FIRST STAGE: Proceedings in case no. 2507 before the Securities and Exchange Commission, thru its Hearing Officer

SECOND STAGE: Proceedings in case no. AC-398 before the Securities and Exchange Commission sitting EN BANC

THIRD STAGE: Proceedings in case no. 107651 before the Supreme Court

FOURTH STAGE: Proceedings in case no. CA-GR SP NO. 33050 before the COURT OF APPEALS

FIFTH STAGE: Proceedings in case no. 116054 before the Supreme Court

It is their contention that under the Third Stage, this Court did not make any categorical ruling on the singular issue that the period of appeal from the Decision of the SEC Hearing Officer to the SEC En Banc is 30 days. There was no resolution on the merits of the vital legal issue submitted before this Honorable Court. G.R. No. 107651 was not decided on its merits but on a questionable technicality under Circular 1-91. They also argued that the Resolution of the Third Division of this Court, dated 03 December 1997, expunging from the records the pleadings filed by their co-respondents herein, Attys. Celia M. Escareal-Sandejas and Raymundo N. Beltran, referred only to G.R. No. 107651, and not to G.R. No. 116054.

In their Memorandum, the above-named respondents further maintained that they had no intention of causing disrespect to this Court. They kept on filing pleadings with this Court in G.R. No. 116054 because of their sincere and honest belief that this Court may still entertain the arguments raised therein. With their persistence, they hope to eventually convince this Court to suspend the rules of procedure and to give way to a re-evaluation of the merits of their case. They also called attention to the fact that they had already stopped filing pleadings at one point even if this Court did not expressly prohibit them from doing so.

Respondent Atty. Celia M. Escareal-Sandejas, meanwhile, filed her own Comment,74 dated 25 March 1998, on the Petition at bar, which she also later adopted as her Memorandum.75 She explained that she had just finished law school and passed the bar in 1996 when co-respondent, Vicente C. Ponce, a close friend of her father, consulted her with regard to his case against the Alcantara Group. She viewed Vicente C. Ponce’s consultation with her, a new and inexperienced lawyer, as a compliment and, at the same time, a challenge. She believed that the issues involved in the case were unique and exceptional. Contrary to the claim of petitioners, the Alcantara Group, her filing of pleadings was a "way of giving full respect to and bowing to the majesty of the Honorable Court." She pointed out that no intemperate language was used in the pleadings she had filed, nor was there any attempt on the part of the Ponce Group to prevent the execution of the judgment of this Court in G.R. No. 116054. In fact, petitioners herein, the Alcantara Group, had been in full control and possession of ICC and, thus, had already been enjoying the benefits of the judgment of this Court.

Respondent Raymundo N. Beltran, in his Memorandum,76 dated 29 June 2005, essentially invoked good faith in accepting the case of the Ponce Group and adopted the Memoranda filed by his co-respondents.

It bears emphasis that the two preceding cases, G.R. No. 107651 and G.R. No. 116054, were presented herein merely to lay the factual background for the present Petition.
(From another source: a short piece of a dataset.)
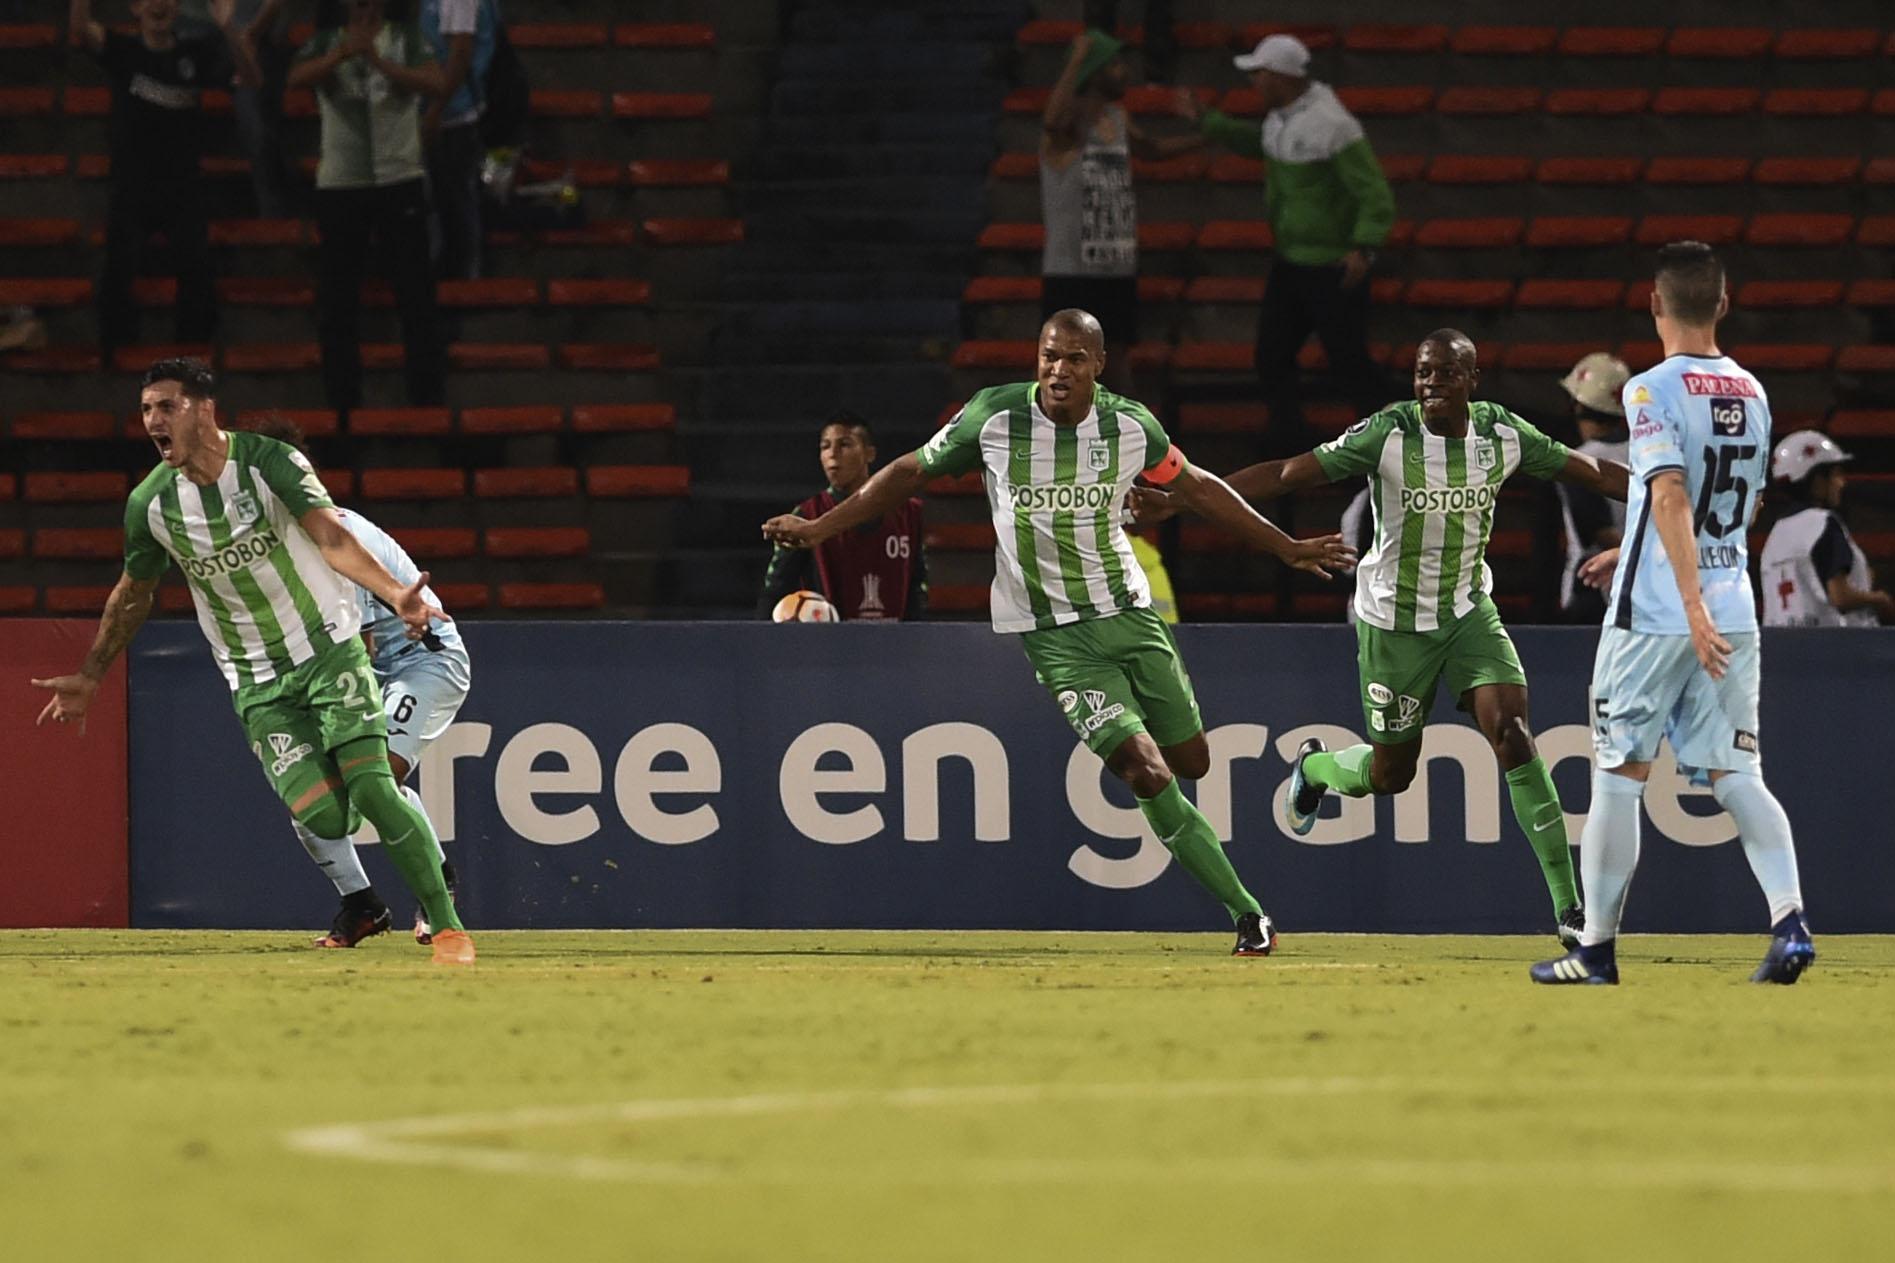 Atlético Nacional vs  Bollívar gol Gonzalo Castellani
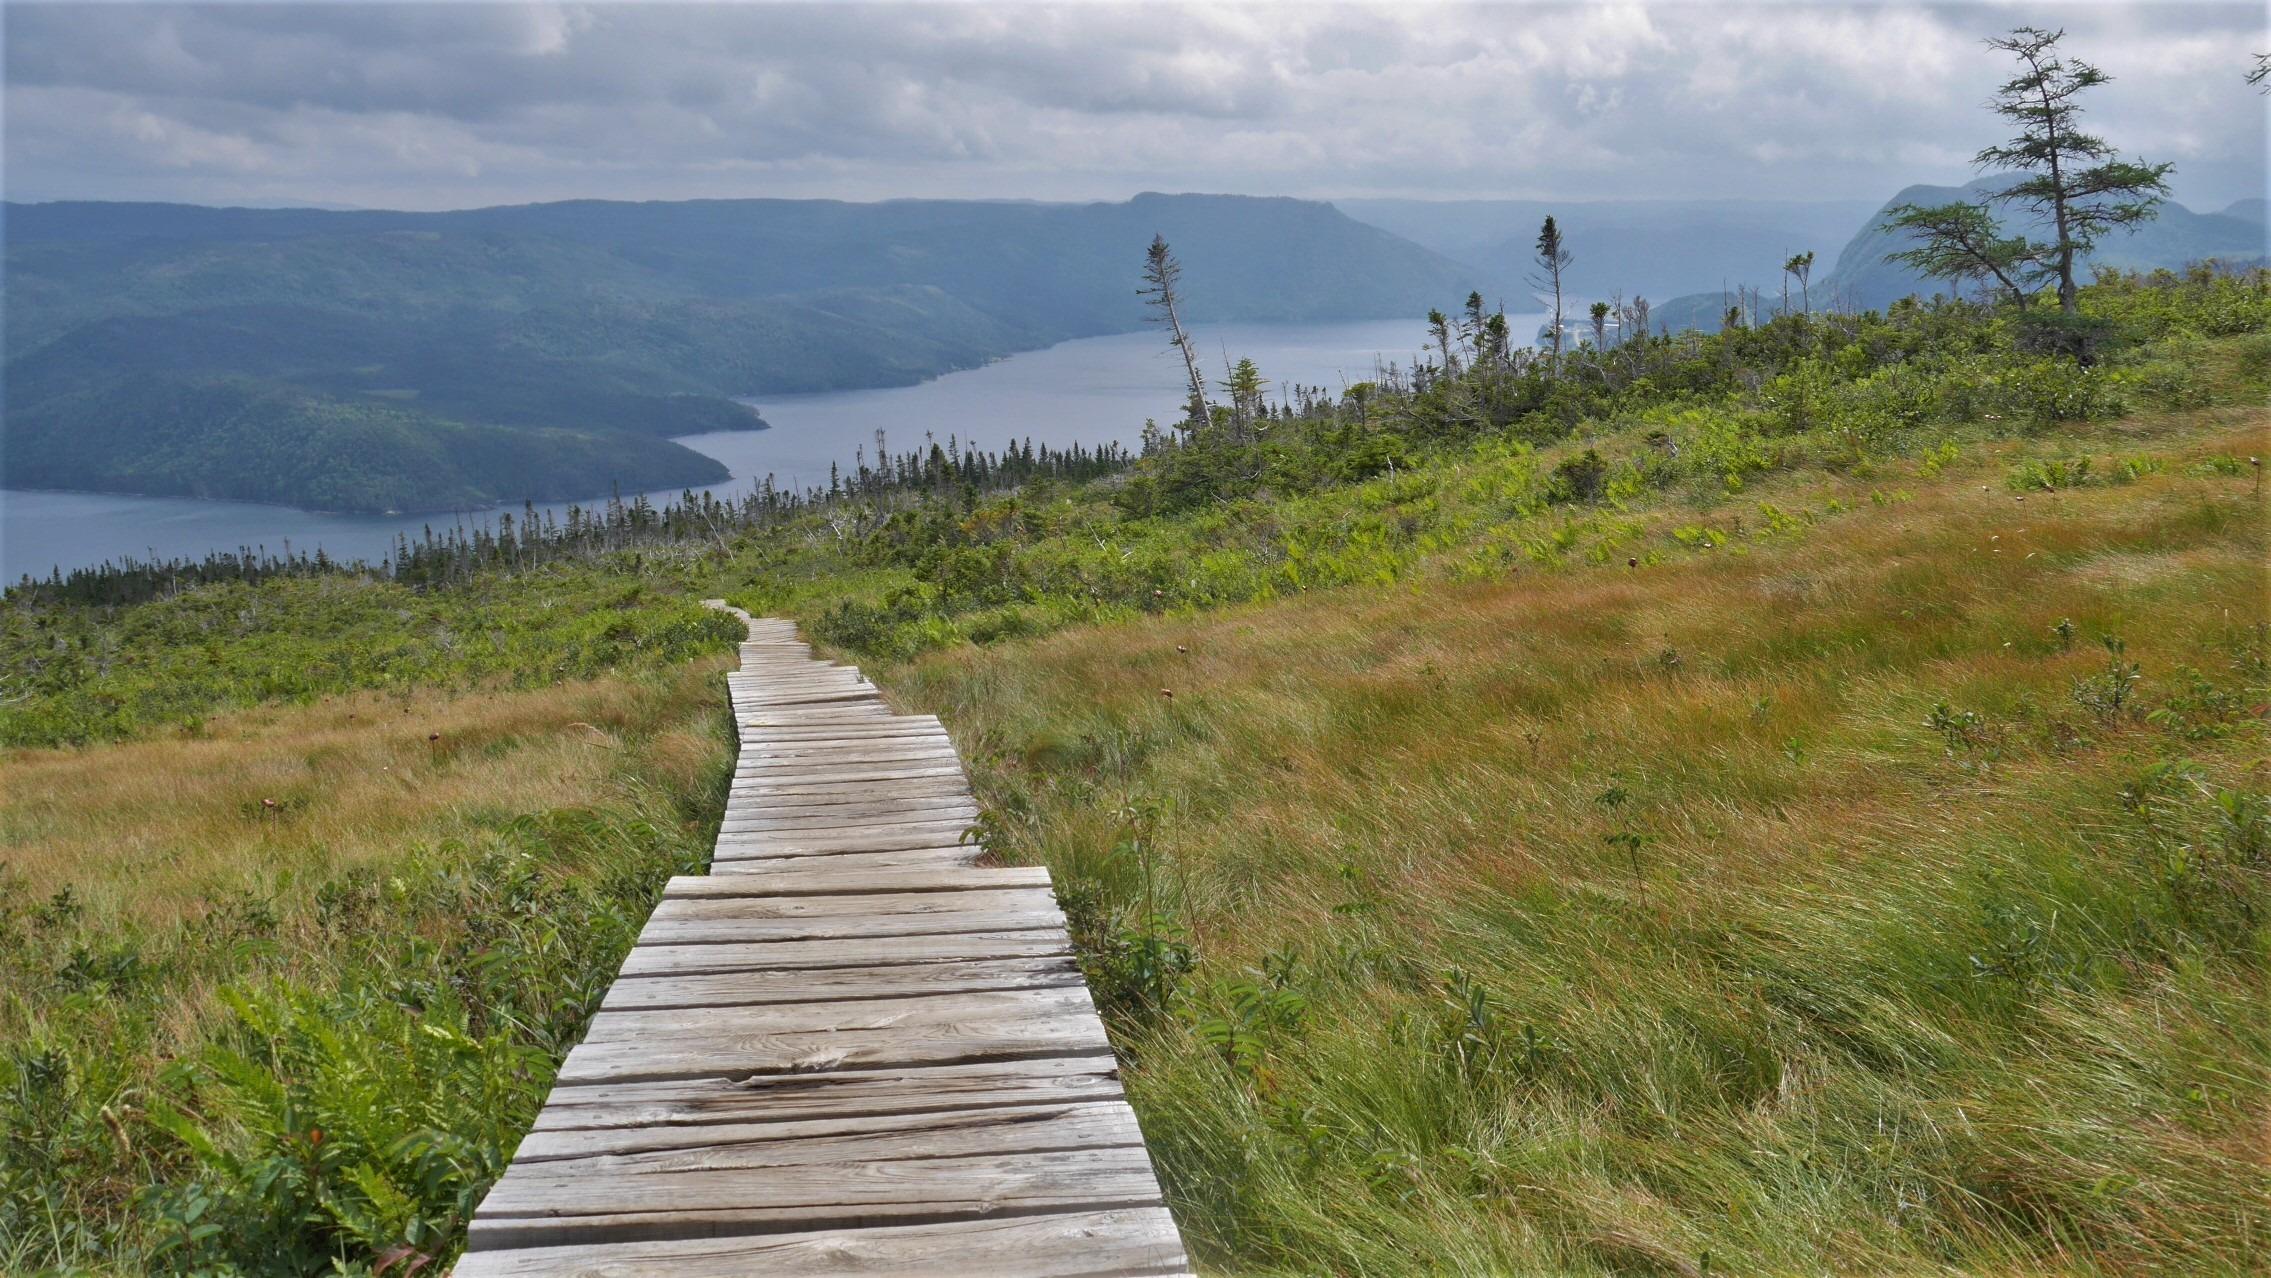 Terre-Neuve randonnée sentiers parc national Gros-Morne Canada

Considering that the Petitions in G.R. No. 107651 and G.R. No. 116054 had long been dismissed and denied, respectively, by this Court; and that the judgments therein, declared final and executory, were already duly entered into the Book of Entries of Judgments, this Court can no longer look into the merits of the said cases.

.

Therefore, the only issue for resolution of this Court in the Petition at bar is: Whether the Ponce Group and their counsels should be cited for contempt under Rule 71 of the 1997 Rules of Civil Procedure for their conduct in G.R. No. 116054.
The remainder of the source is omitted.